A virus has decimated the globe, turning a large portion of humanity into violently feral creatures called Freakers. In Oregon, outlaw bikers Deacon St. John (Sam Witwer) and William "Boozer" Gray (Jim Pirri), alongside Deacon's wife Sarah Whitaker (Courtnee Draper), attempt to flee to safety. They find a NERO (National Emergency Response Organization) helicopter. While Sarah boards the helicopter, Boozer is injured so Deacon stays behind to help him after promising to reunite with his wife.

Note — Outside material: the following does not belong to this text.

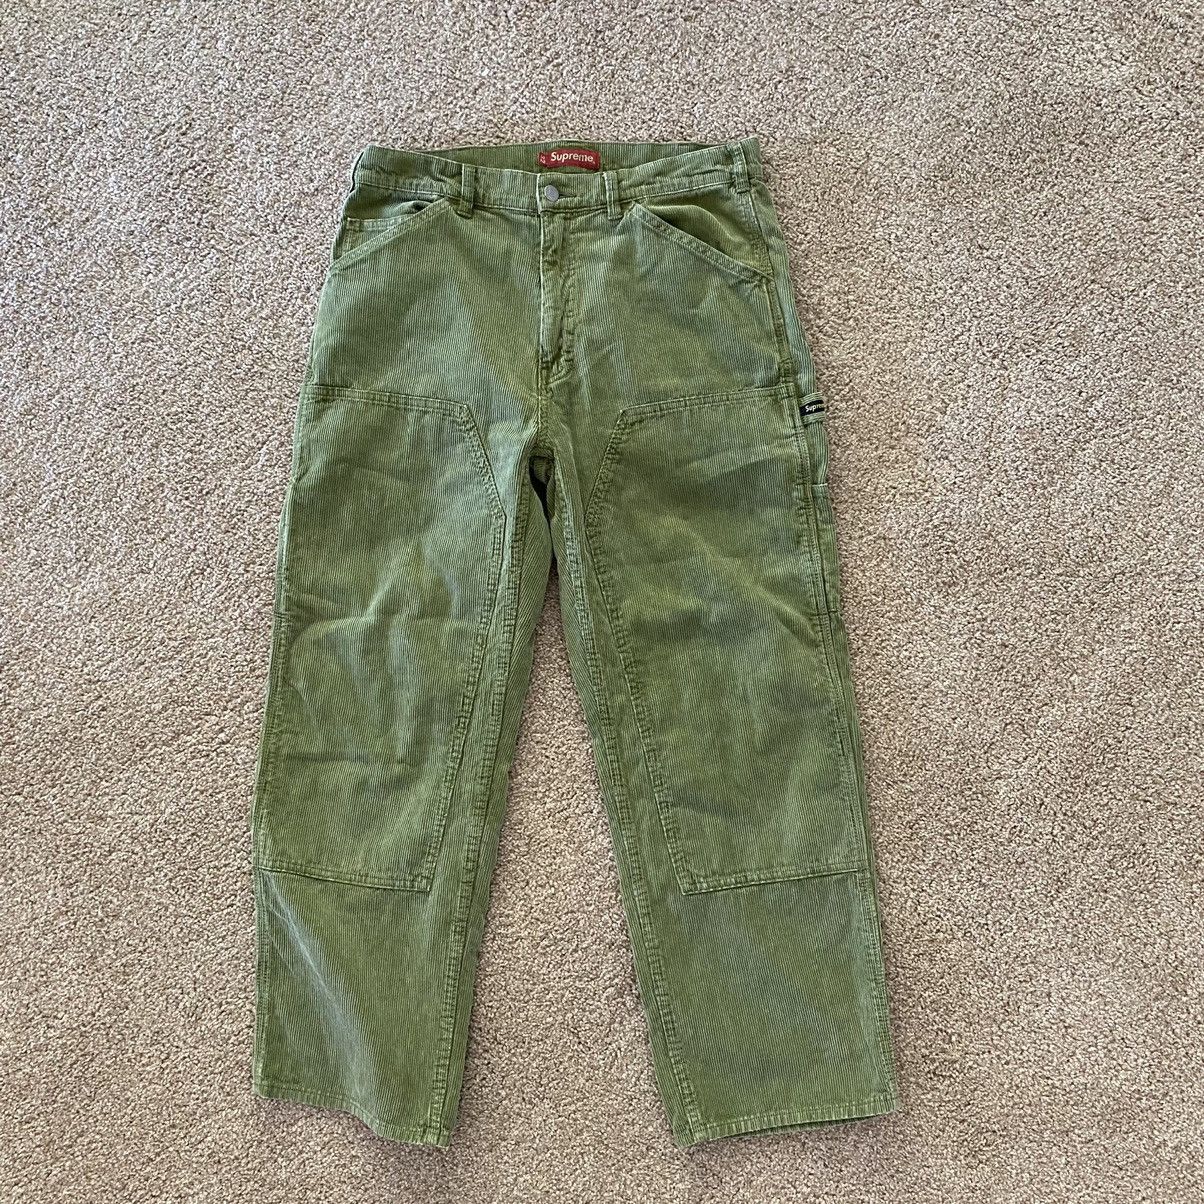 Supreme Supreme Green Corduroy Double Knee Pants | Grailed
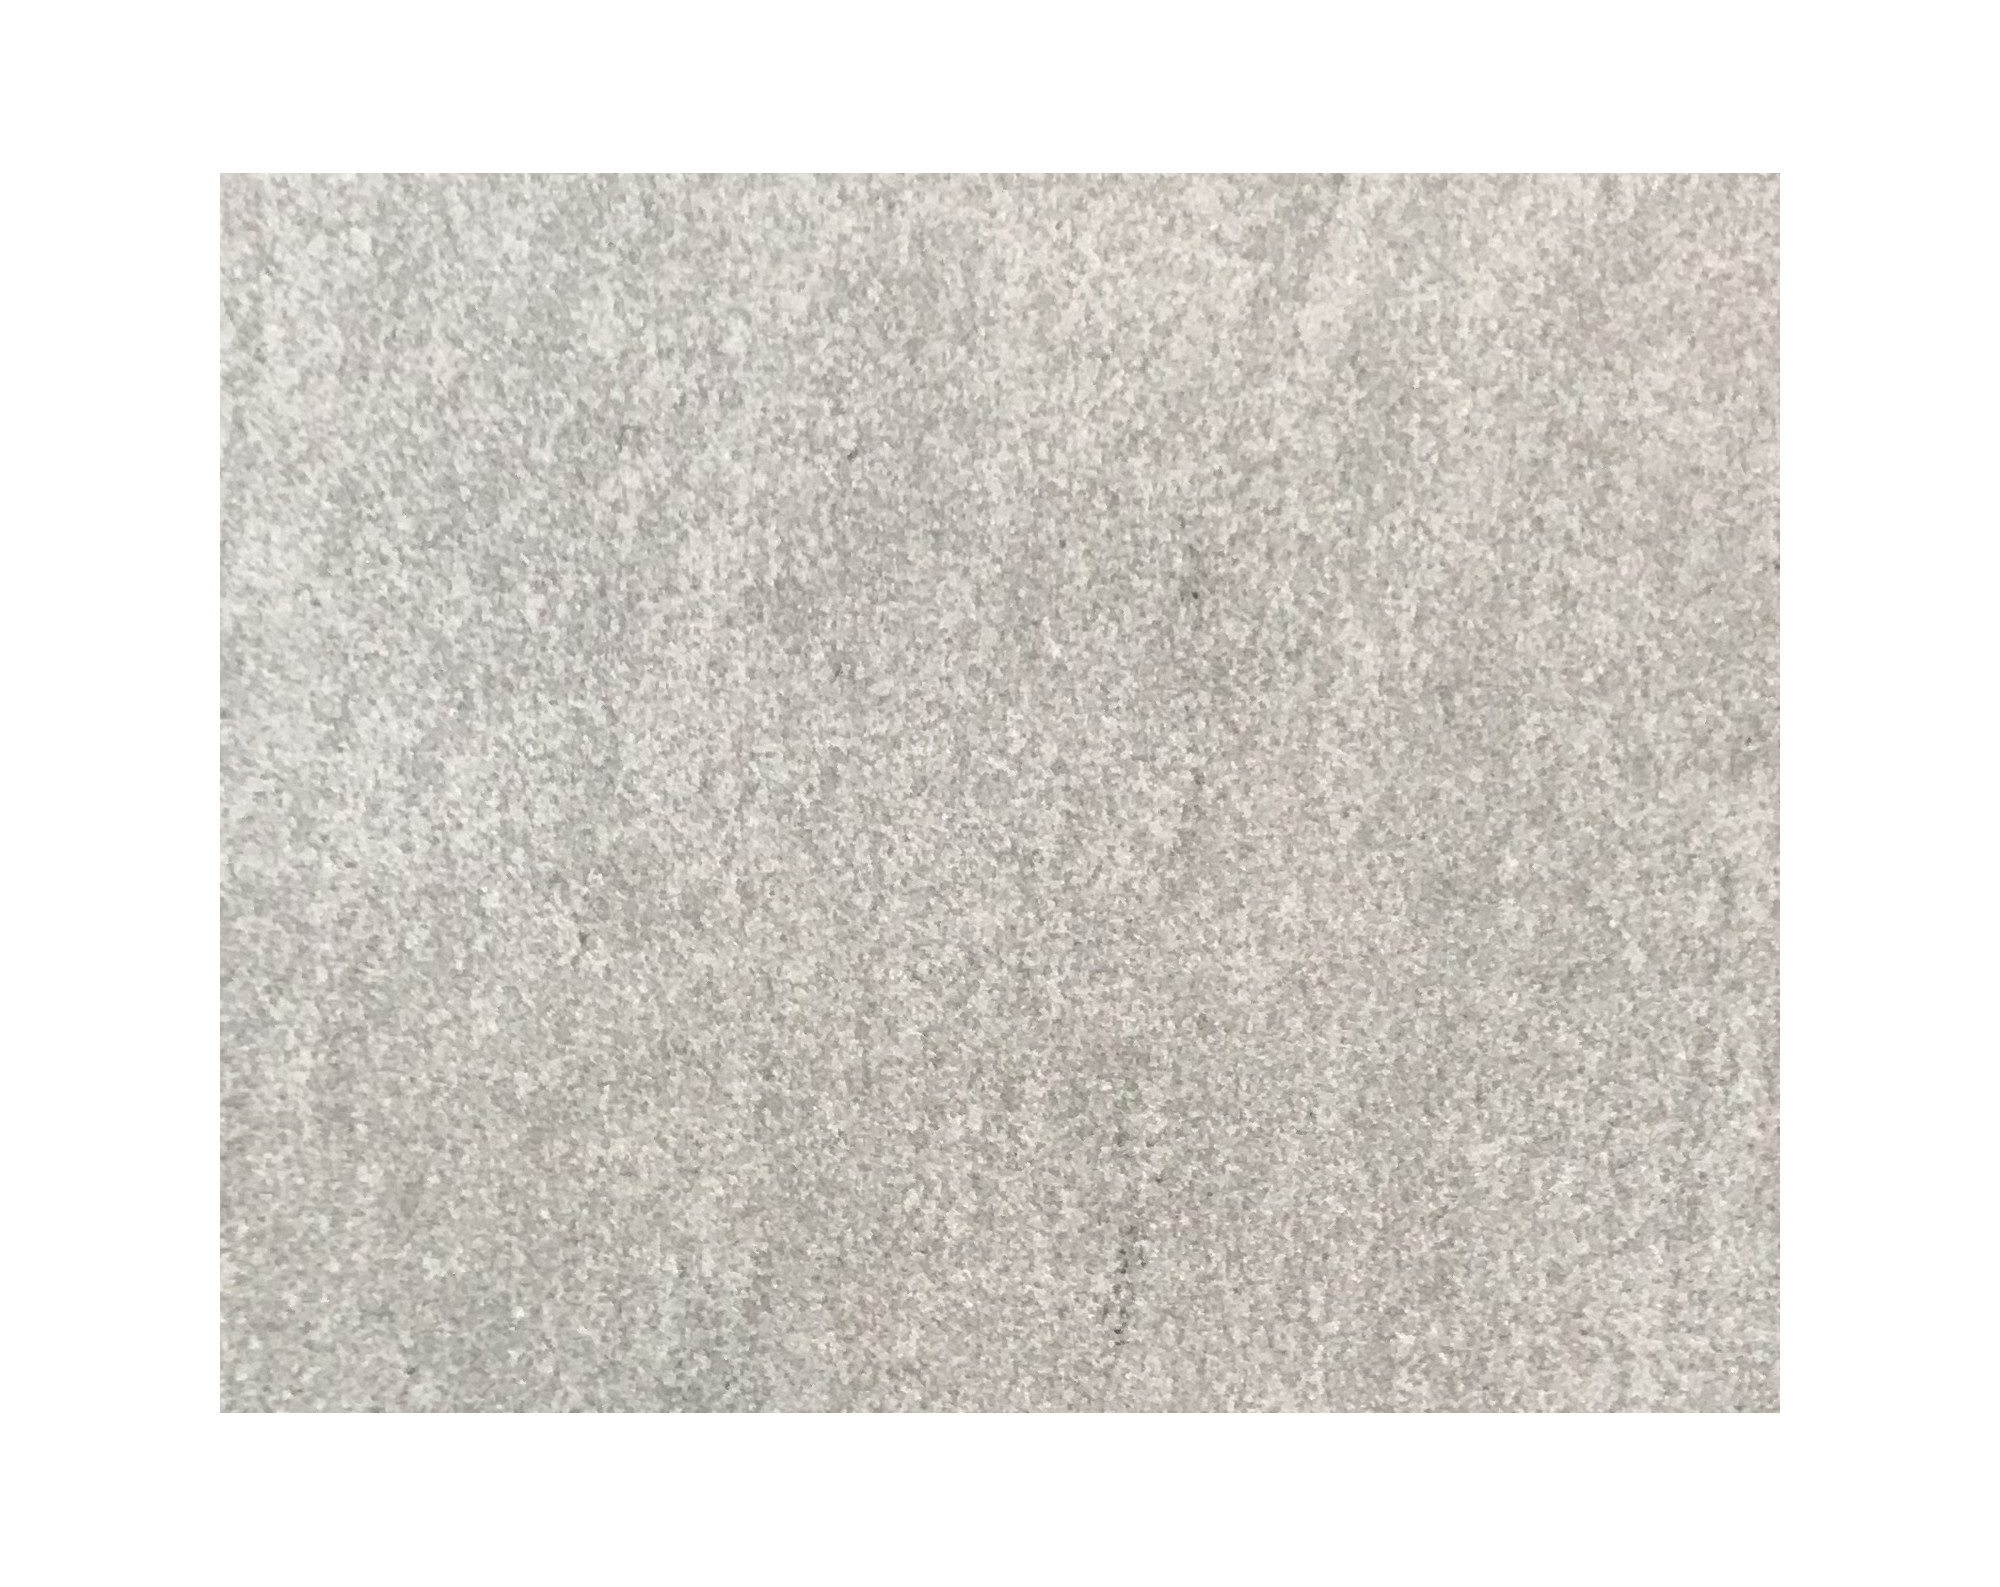 Harmo roc maranelloset, keramiek-serie, ovaal d: 6,00mx12,60m, zand grijs, keramisch porselein

Two years later, Deacon and Boozer are working in the Pacific Northwest as mercenaries. Sarah is assumed dead after the NERO refugee camp she was traveling to was overrun. The two men plan to head north in search of a better life, but they are attacked by a gang of cultists, the Rippers. Boozer's arm is burned in the attack, so Deacon searches for medical supplies to help him recover. Deacon sees a NERO helicopter and follows it, eventually meeting James O'Brian (Bernardo de Paula), the researcher who evacuated Sarah two years earlier. O'Brian reveals that Sarah's helicopter was diverted to a different camp mid-flight, leaving the possibility that she is still alive.

While running errands for Ada Tucker (Dee Dee Rescher), the leader of the Hot Springs camp, Deacon finds Lisa Jackson (Laura Bailey & Alexa Rose), a teenage girl and returns her to Tucker. Lisa later flees the Hot Spring after being subjected to forced labor and is captured and tortured by the Rippers, forcing Deacon to rescue her. Unwilling to send Lisa back to the Hot Springs, Deacon arranges for her to shelter with Rikki Patil (Nishi Munshi), a former drifter and member of the Lost Lake camp led by "Iron" Mike Wilcox (Eric Allan Kramer) and Raymond "Skizzo" Sarkozi (Jason Spisak), the former of which parted on bad terms with Deacon.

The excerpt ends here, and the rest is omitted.